International Association of Gerontology and Geriatrics
- Formation: July 1950
- Type: UN category III NGO
- Location: Ciudad Autónoma de Buenos Aires, Argentina;
- Region served: Global
- President: Ricardo Jauregui
- Secretary General: Miguel Angel Acánfora
- Treasurer: Matías Manzotti
- Website: iagg2022.org

= International Association of Gerontology and Geriatrics =

The International Association of Gerontology and Geriatrics (IAGG), formerly the International Association of Gerontological Societies is a non-governmental organization (NGO) that promotes gerontological research and training, and represents gerontological organizations internationally.

==History==
The International Association of Gerontological Societies was founded in July 1950, registered in Liège, Belgium, as an association of organizations involved in gerontology research and training. It was later renamed the International Association of Gerontology, and then the International Association of Gerontology and Geriatrics (IAGG).
As of 2009 there were IAGG member societies in 64 countries.

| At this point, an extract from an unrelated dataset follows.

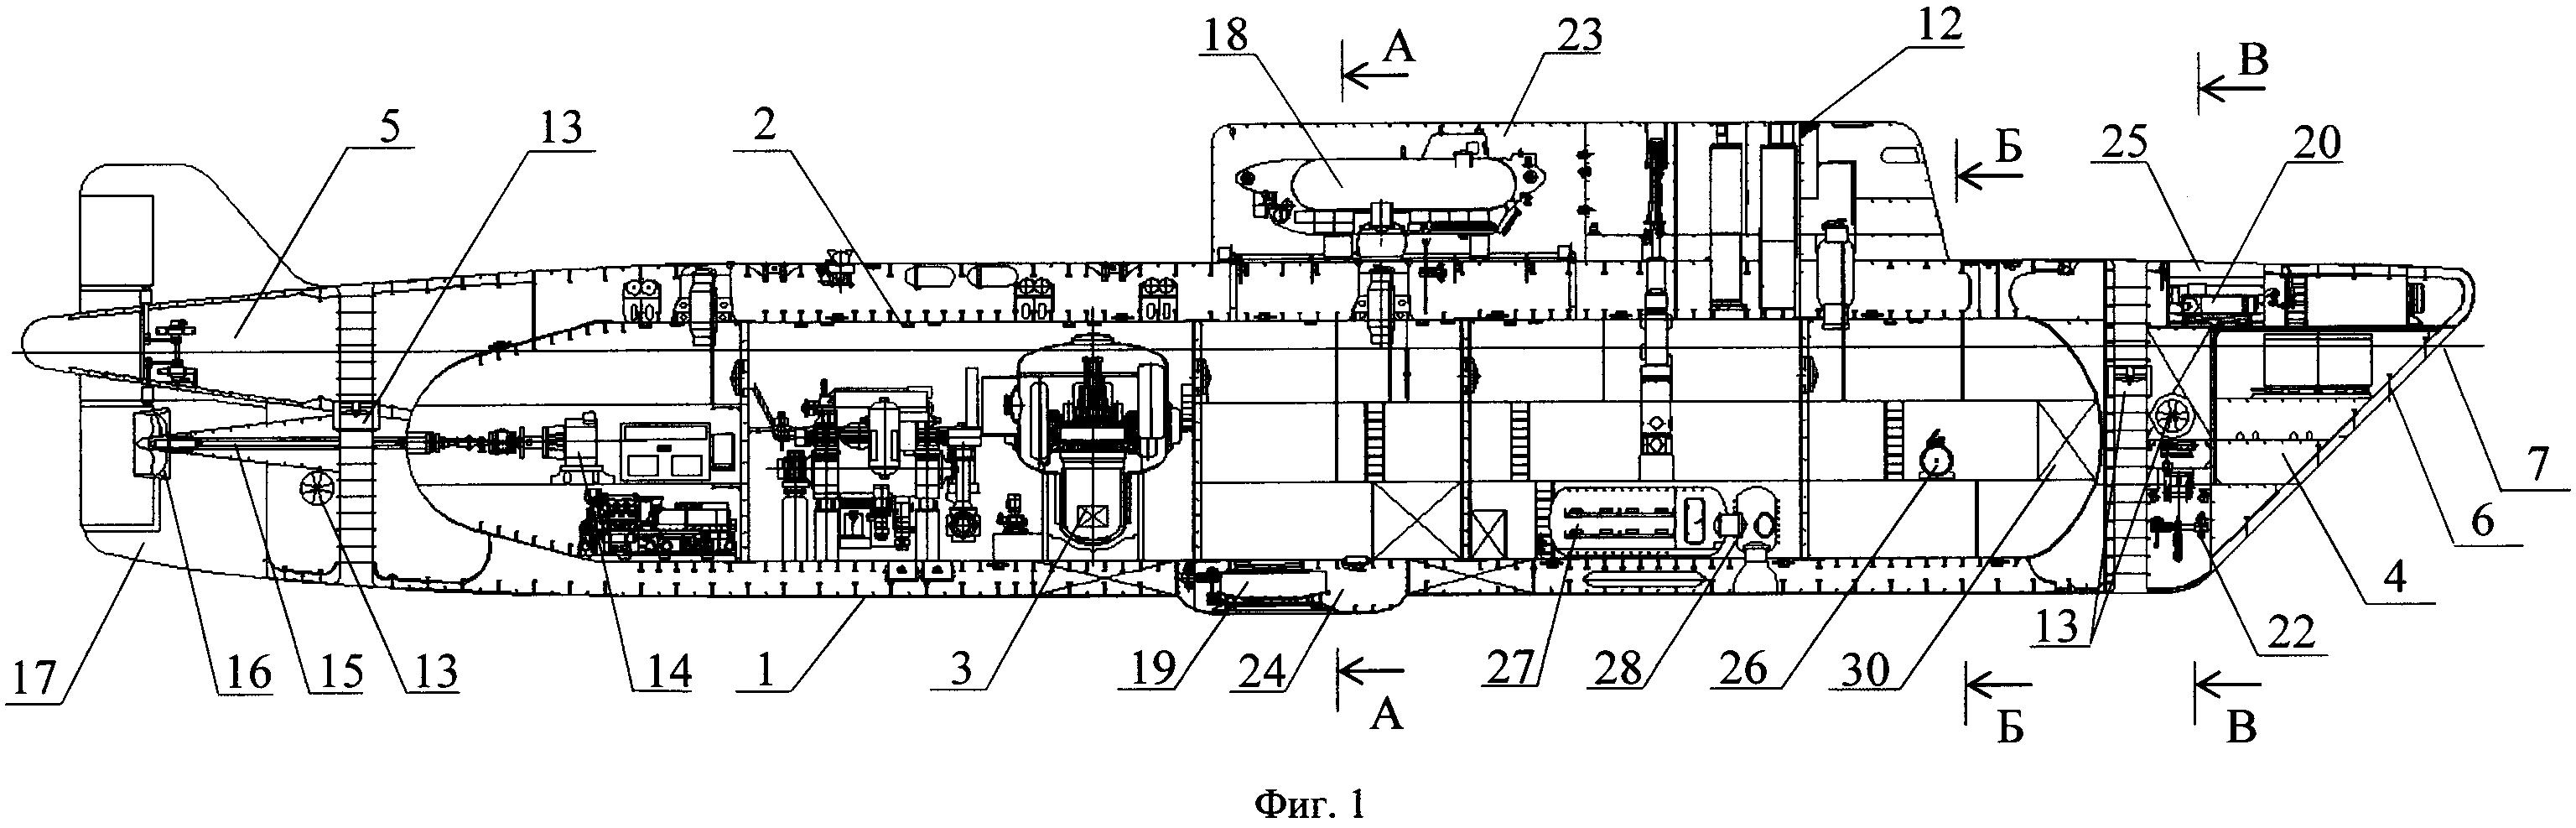 Подводное судно для обслуживания подводных добычных комплексов на арктическом шельфе и других подводно-технических работ

The combined membership of the member organizations was over 45,100 professionals.

==Organization==
IAGG is an umbrella organization from five regions around the world: Africa, Asia/Oceania, Europe, North America, South America & Caribbean.

IAGG Programs include Global Ageing Research Network, (GARN), Global Social Initiative on Ageing (GSIA), World Academy on Ageing (WAA) and, Council of Student Organizations (CSO). Partnerships include the United Nations (UN) and the World Health Organization (WHO).

==Members==
Currently, 84 national societies from 72 different countries are represented by IAGG with a combined membership of more than 50,000 professionals and students.

==Consultative status==
Since 1978, IAGG is a category III non-governmental organization (NGO) at UN with a consultative status with the Economic and Social Council (ECOSOC). In 2009, IAGG was established with the ECOSOC special Consultative Status allowing IAGG to make oral and written statements. IAGG is a member of the Conference of Non-Governmental Organizations (CONGO) in Consultative Relationship with the UN since 1985. An international collaboration between IAGG and eight other NGO's has been set-up to promote major worldwide aging issues.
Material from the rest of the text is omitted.